**Problem to solve**. Everything in the listing below has to be repeated exactly, except the pictures.

**Dataset extract**.
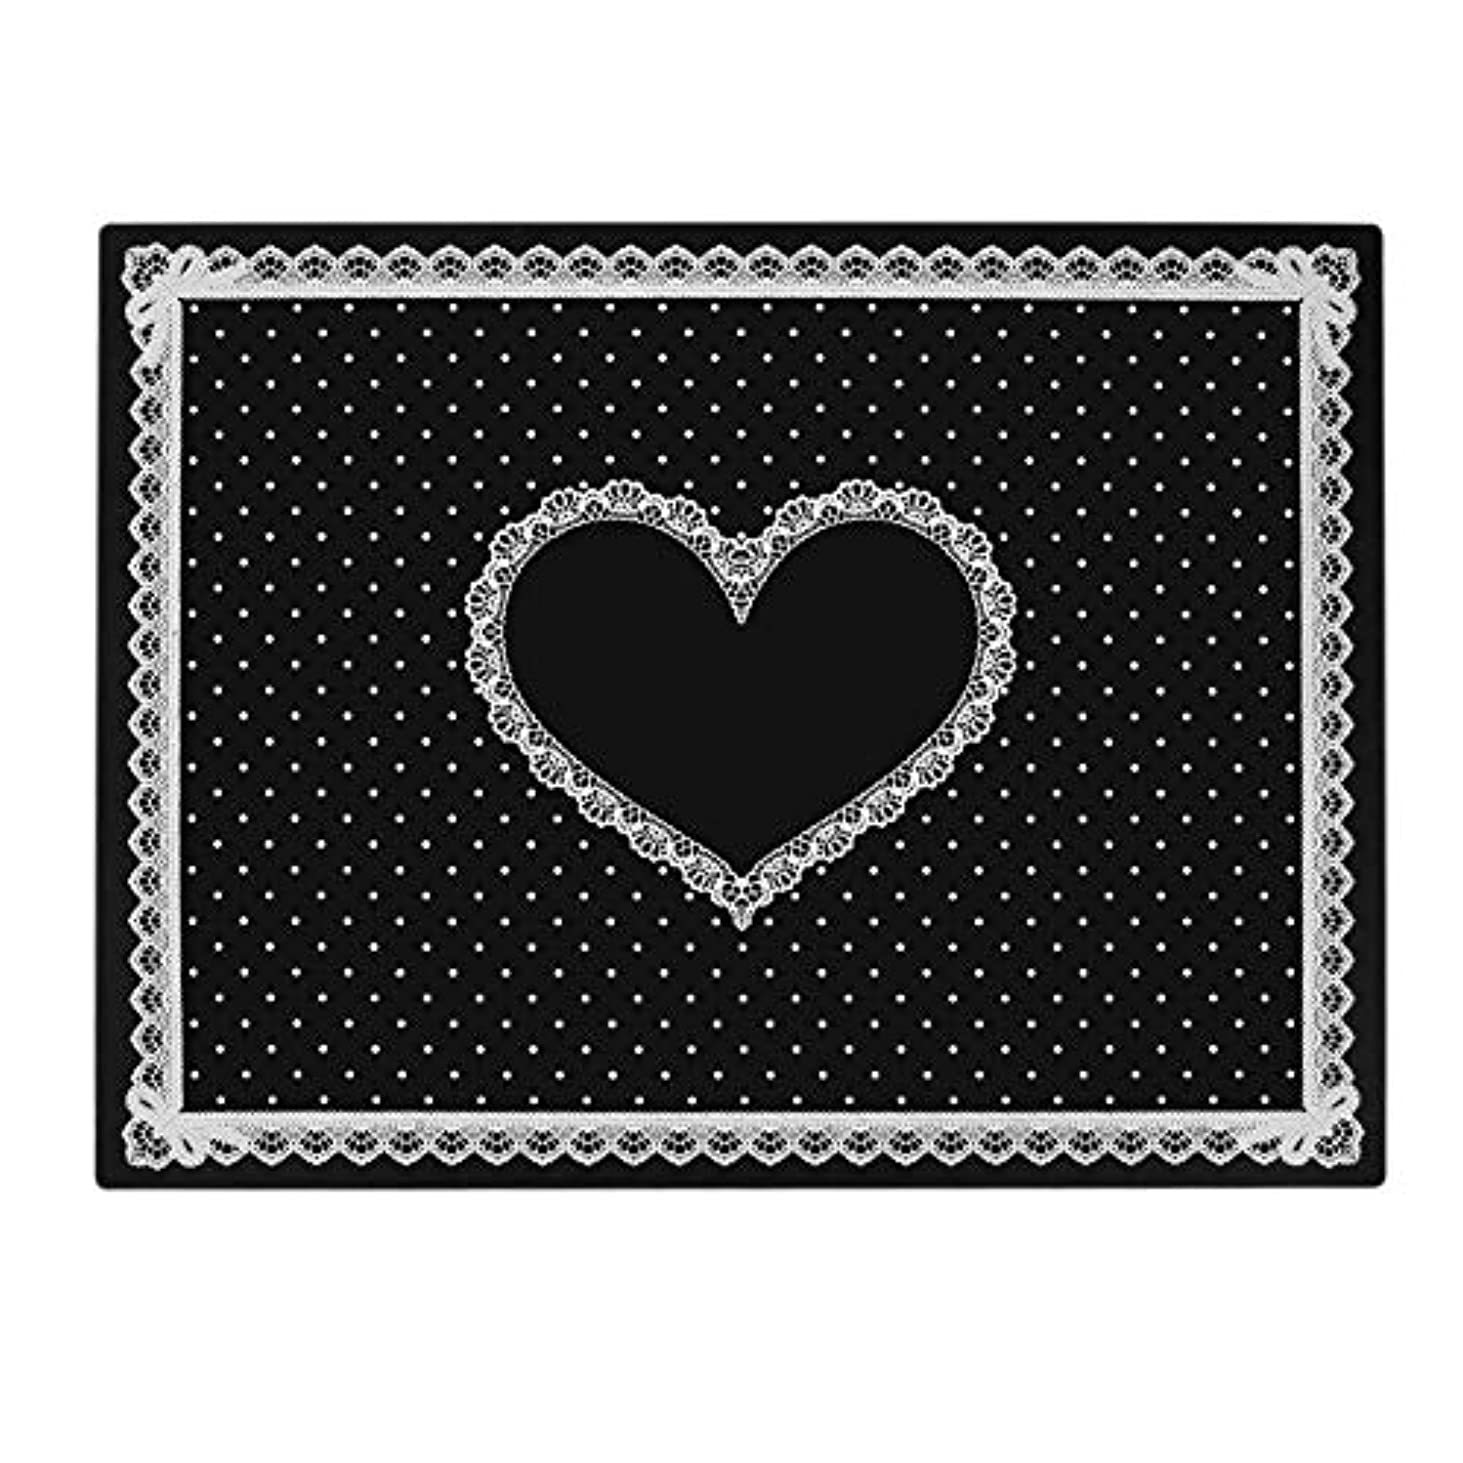 精算ファーザーファージュ段落Yuyte 5色高品質の快適なシリコンハンドレストクッション枕-ネイルアートテーブルアーム手首パッドマニキュアサロン(14)
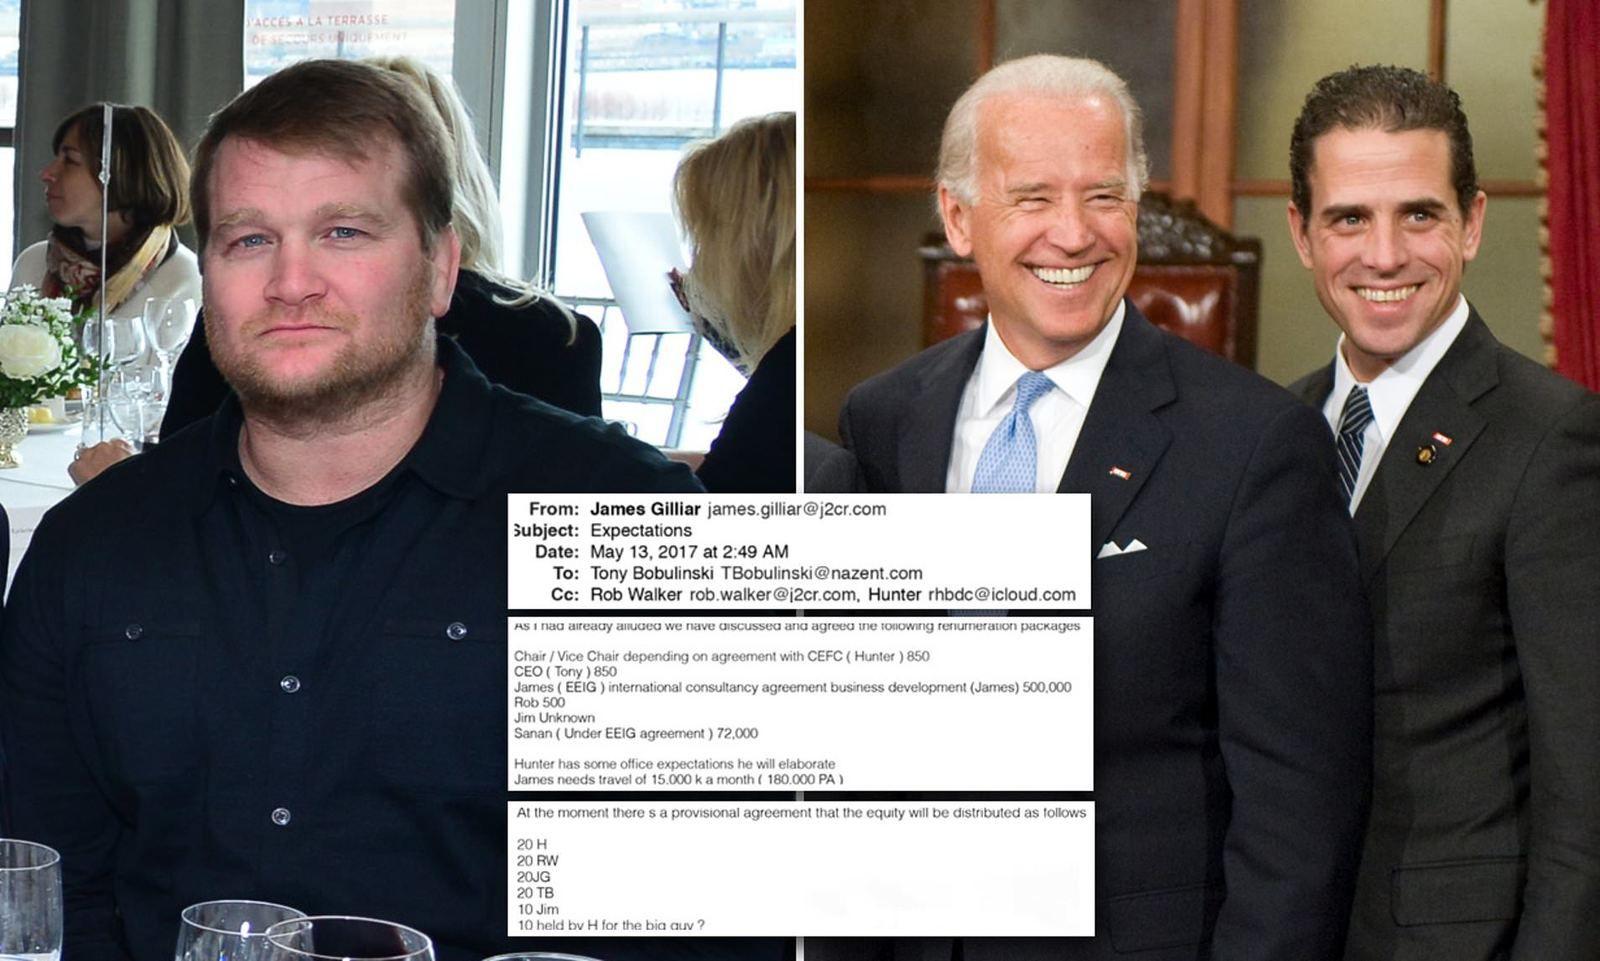 La référence au « Big Guy » dans le courriel du 13 mai 2017, très médiatisé, est en fait une référence à Joe #Biden », a déclaré M. Bobulinski dans une déclaration à Fox News
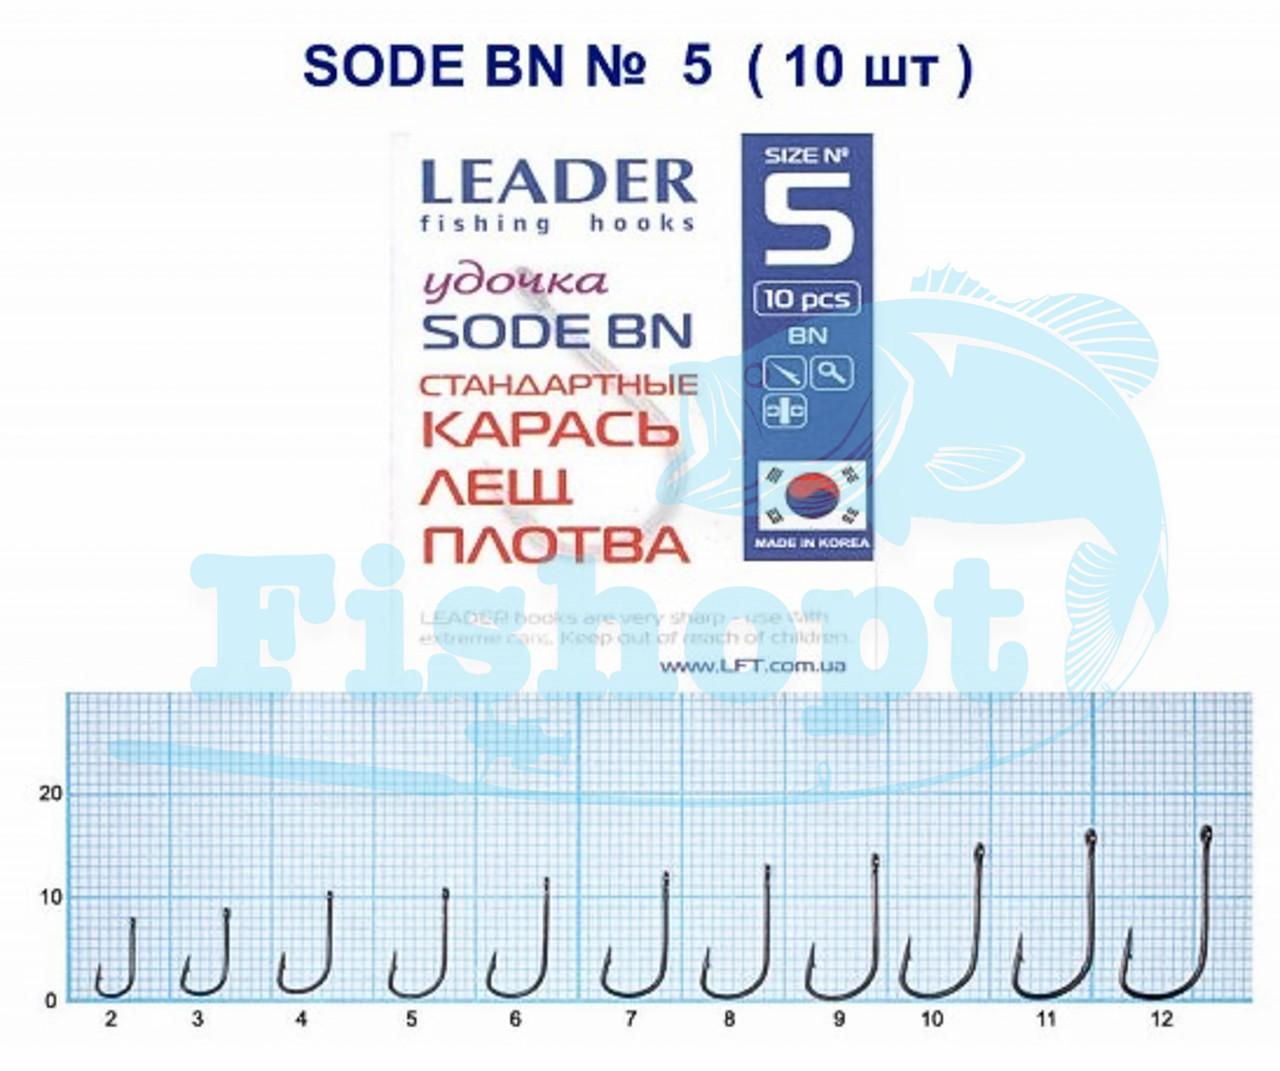 Крючок Leader Sode BN стандартные (карась, лещ, плотва) № 5
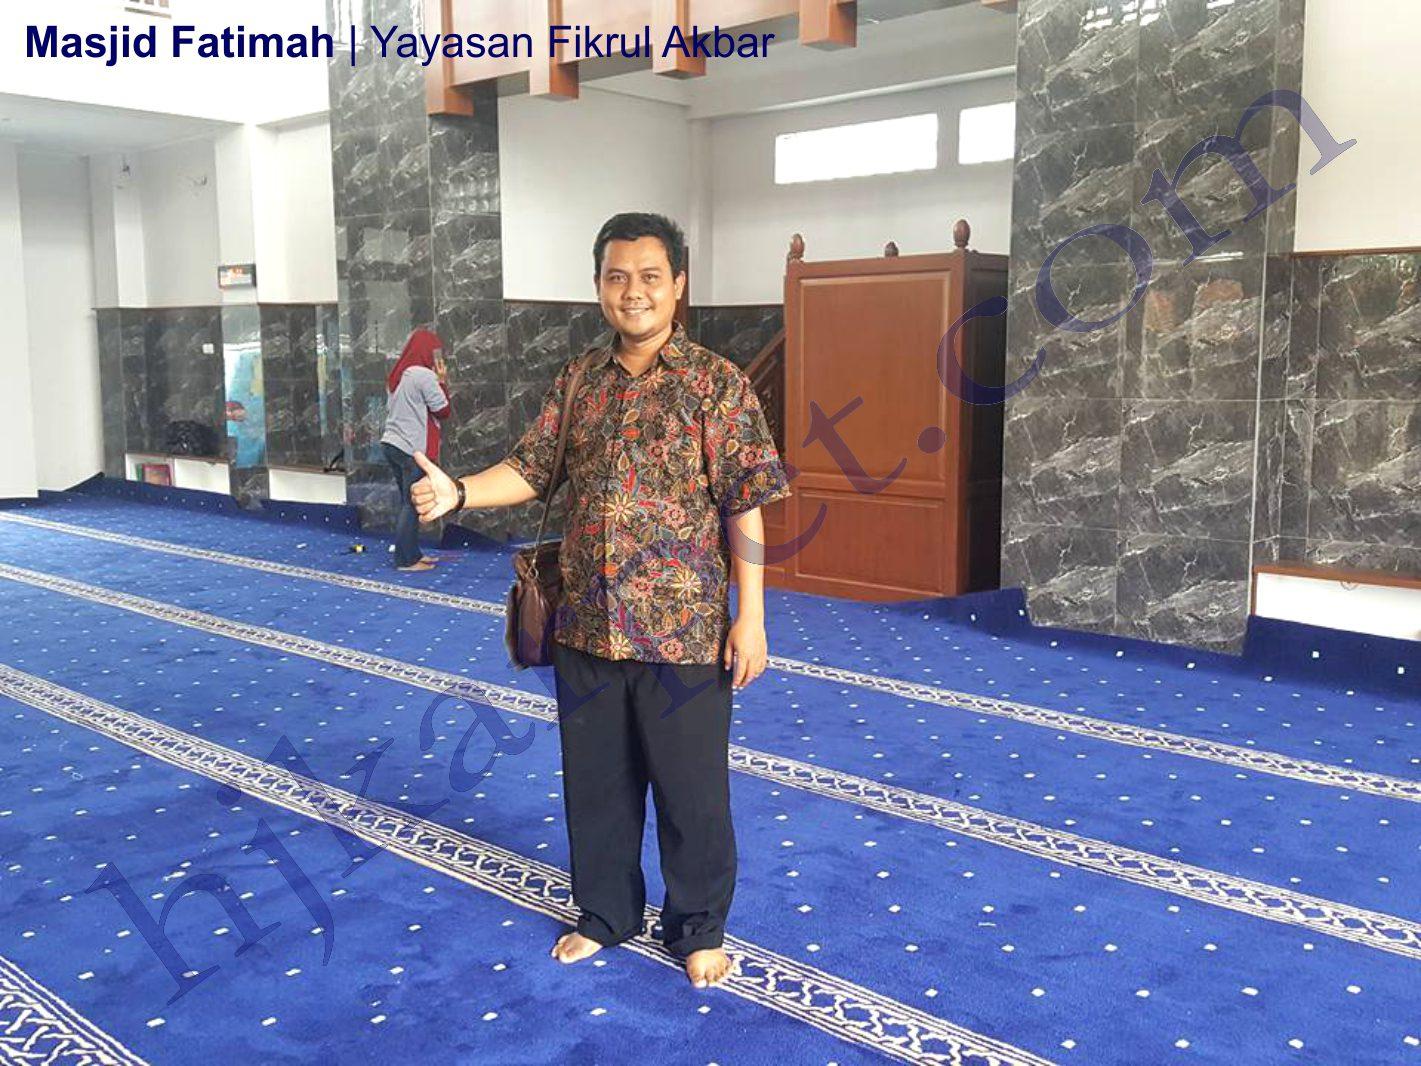 Karpet Masjid Fatimah Yayasan Fikrul Akbar

**Answer box**.
 精算ファーザーファージュ段落Yuyte 5色高品質の快適なシリコンハンドレストクッション枕-ネイルアートテーブルアーム手首パッドマニキュアサロン(14)
 La référence au « Big Guy » dans le courriel du 13 mai 2017, très médiatisé, est en fait une référence à Joe #Biden », a déclaré M. Bobulinski dans une déclaration à Fox News
 Крючок Leader Sode BN стандартные (карась, лещ, плотва) № 5
 Karpet Masjid Fatimah Yayasan Fikrul Akbar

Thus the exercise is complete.